Challenge, My solutions

Task 1: Reverse Existence

Task

You are given a string.

Write a script to find whether any substring of length 2 is also present in the reverse of the given string.

My solution

This is relatively straight forward. I create a variable reversed_string which is the string reversed. I then have a loop called start_pos that goes from 0 to 2 less than the length of the string. At each position, I check if the two letters at that position are in the original string.

def reverse_existence(input_string: str) -> bool:
    reversed_string = input_string[::-1]
    for start_pos in range(len(input_string)-1):
        if reversed_string[start_pos:start_pos+2] in input_string:
            return True

    return False

The Perl solution follows the same logic.

sub main ($input_string) {
    my $reversed_string = reverse($input_string);
    foreach my $start_pos ( 0 .. length($input_string) - 2 ) {
        if (
            index( $input_string, substr( $reversed_string, $start_pos, 2 ) )
            != -1 )
        {
            say "true";
            return;
        }
    }

    say "false";
}

Examples

$ ./ch-1.py abcba
true

$ ./ch-1.py racecar
true

$ ./ch-1.py abcd
false

$ ./ch-1.py banana
true

$ ./ch-1.py hello
true

Task 2: Prefix Suffix

Task

You are given an array of strings.

Write a script to find if the two strings (str1, str2) in the given array such that str1 is prefix and suffix of str2. Return the total count of such pairs.

My solution

In Python, this is a one line solution. I use the combinations function from the itertools module to produce all combinations of pairs of str1 and str2. For each pair, I use the startwith and endswith function on the strings to see if the criteria is met.

def prefix_suffix(array: list[str]) -> int:
    return sum(
        1
        for str1, str2 in combinations(array, 2)
        if (str1.startswith(str2) and str1.endswith(str2)) or
           (str2.startswith(str1) and str2.endswith(str1))
    )

The Perl solution is a little more complex. I have a function called is_prefix_suffix that checks that s1 starts with an ends with s2.

sub is_prefix_suffix ( $s1, $s2 ) {
    my $l = length($s2);

    return ( substr( $s1, 0, $l ) eq $s2 and substr( $s1, 0 - $l ) eq $s2 )
      ? 1
      : 0;

}

The main function uses the combinations function from the Algorithm::Combinatorics module to generate all possible pairs.

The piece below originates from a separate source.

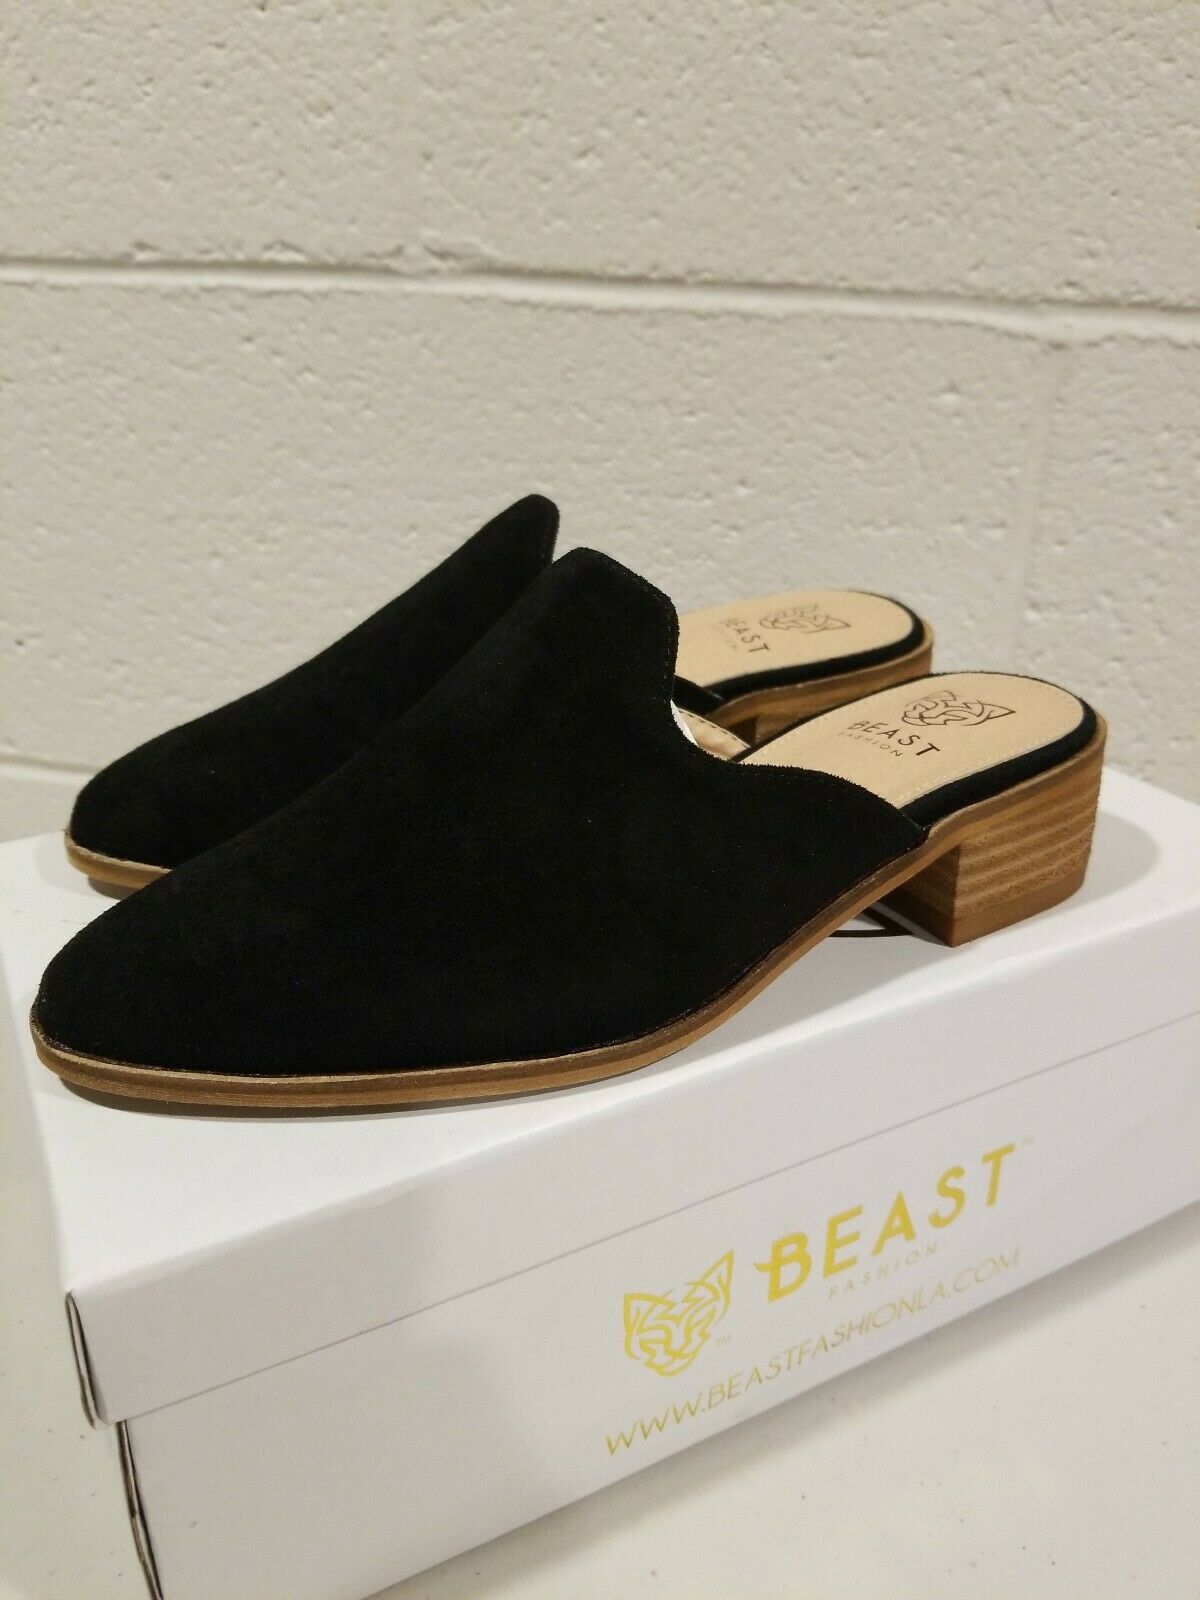 Beast Fashion Norway Black Slip On Mules Shoes Women Size 5.5

It then calls the above function on each order of the pair to see if it is true.

use Algorithm::Combinatorics 'combinations';

sub main (@array) {
    my $count = 0;

    my $iter = combinations( \@array, 2 );
    while ( my $c = $iter->next ) {
        my ( $str1, $str2 ) = @$c;
        if (   is_prefix_suffix( $str1, $str2 )
            or is_prefix_suffix( $str2, $str1 ) )
        {
            ++$count;
        }
    }

    say $count;
}

Examples

$ ./ch-2.py a aba ababa aa
4

$ ./ch-2.py pa papa ma mama
2

$ ./ch-2.py abao ab
0

$ ./ch-2.py abab abab
1

$ ./ch-2.py ab abab ababab
3